Traffic accidents kill young drivers and their passengers more than any other age group, partly because kids don't have the experience that older drivers have and also because kids do mindless things when they drive, sometimes due to peer pressure or just lack of awareness. Distractions such as cell phones, eating, grooming, talking, texting and fiddling with the radio can cause automobile crashes. Wearing seat belts can save lives in accidents. Driver education and practice make safe drivers. To promote safe driving at your high school or transportation business, plan safe-driving activities that call attention to these facts.

  1. Pledges

    • According to the U.S. Department of Transportation (DOT), distracted-driving accidents killed 5,474 people and injured approximately 448,000 more in 2009. Encourage your employees or students to pledge that they won't drive while distracted. This means no text-messaging, talking on the phone, eating, grooming, watching videos or fiddling with maps, radios or friends while driving. You can focus your group's pledge around just one of these distractions, such as texting. Dedicate a wall or display case to your pledge, and personalize the pledges, giving urgency to those who make the pledge. When a new person takes the pledge, put her picture up in the case. Or have her sign her name to a car-shaped piece of paper and post it on a wall.

    Demolished Vehicle

    • Park a demolished vehicle in the parking lot of your business or school campus. Allow employees and students to see the dire consequences of unsafe driving behaviors such as drinking and driving, not paying attention to the road or driving at extreme speeds. To make sure drivers truly get the message about unsafe driving, invite a member of Mothers Against Drunk Driving (MADD) to give a speech in front of the totaled vehicle about the importance of good decision-making and safe driving practices.

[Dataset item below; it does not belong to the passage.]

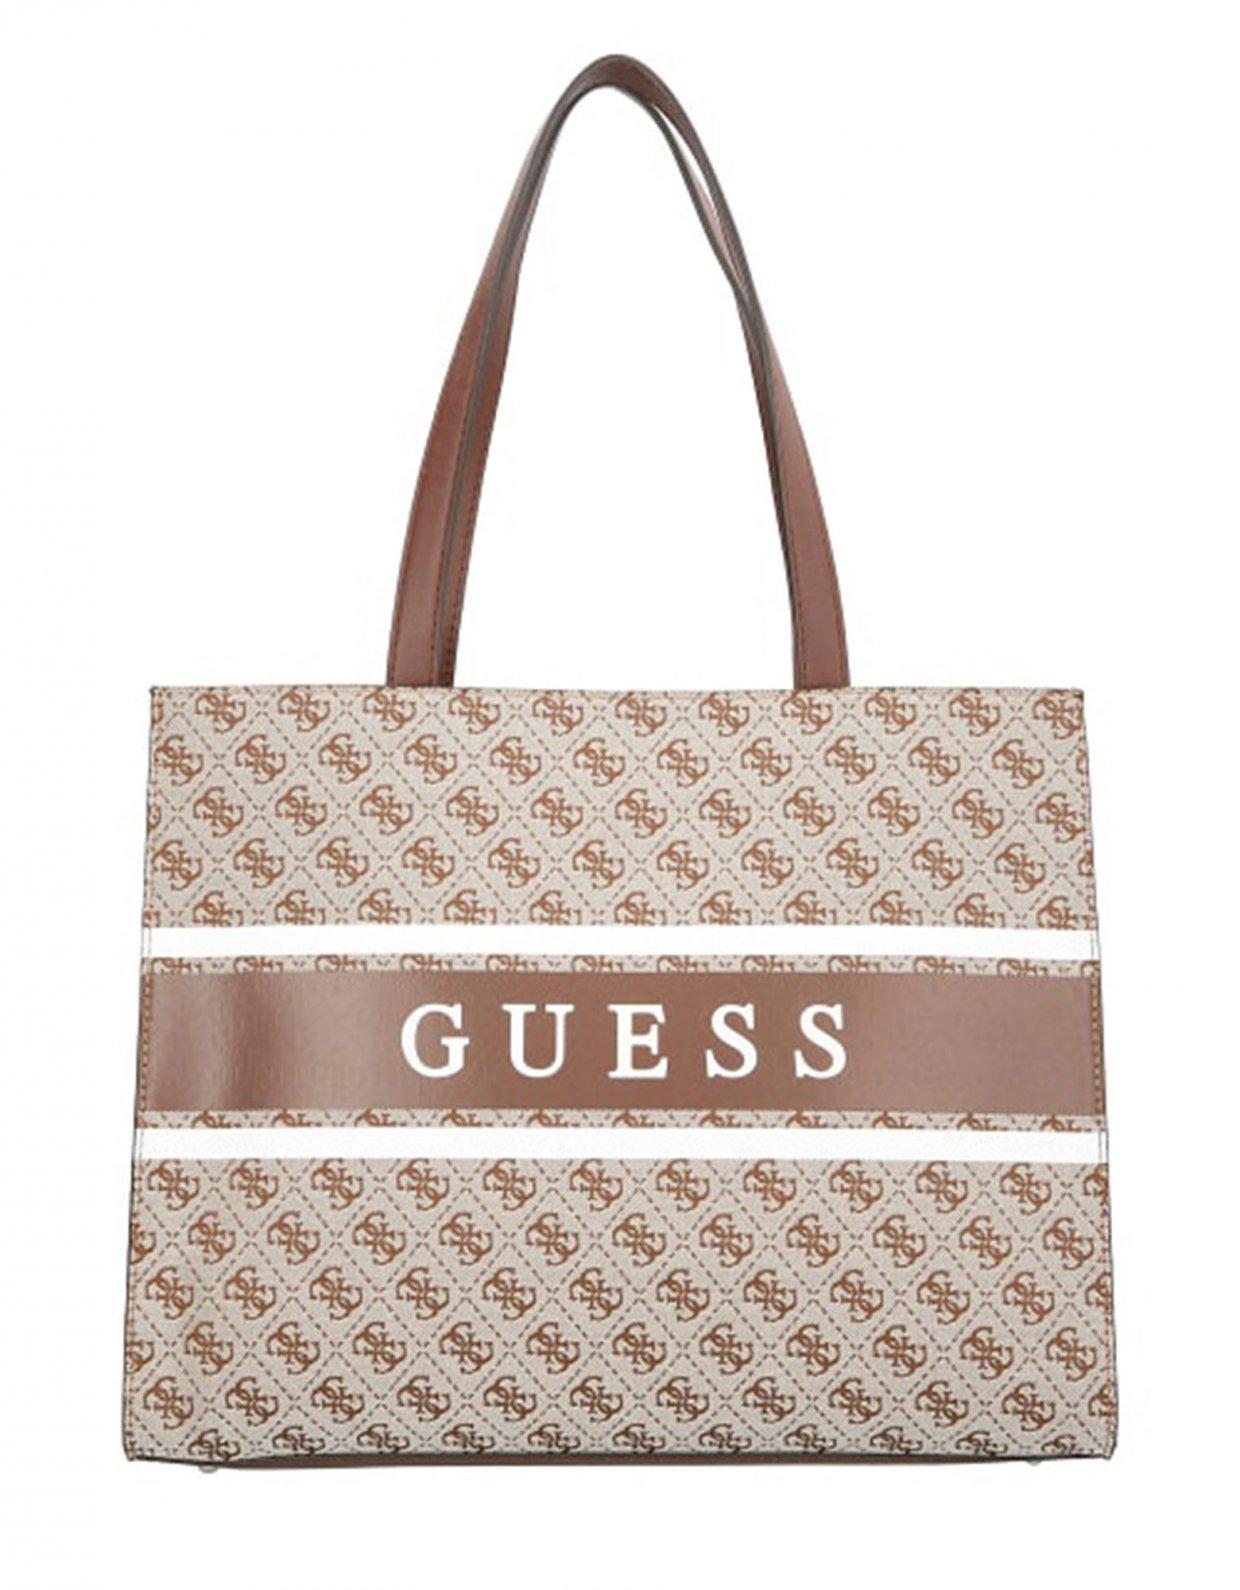 Guess Monique shopper bag brown

    Golf Cart Driving Course

    • Create a golf-cart driving course in a parking lot or on a campus using orange cones and handmade traffic signs. Workers or students can drive through the course, ensuring they observe all the traffic signs they encounter. To make the course more difficult, call or text the driver's cell phone. Pair them with partners who talk to them nonstop. Instruct them to read a map and drive at the same time. As drivers try to concentrate on the course -- and perhaps run over a few cones -- they will realize how dangerous these types of distractions are.

    Traffic Sign Game

    • Safe drivers know the meanings of and proper responses to all traffic signs that they encounter. Test drivers' knowledge with a traffic sign game. Construct a variety of homemade traffic signs, or blow up pictures of real road signs. Include simple signs such as stop, yield, one-way, railroad crossing, deer crossing and winding road. Hold up the sign and have people yell out the answer. Or, divide the drivers into two teams: One member of a team competes against a member of the other team to see who can identify each sign first.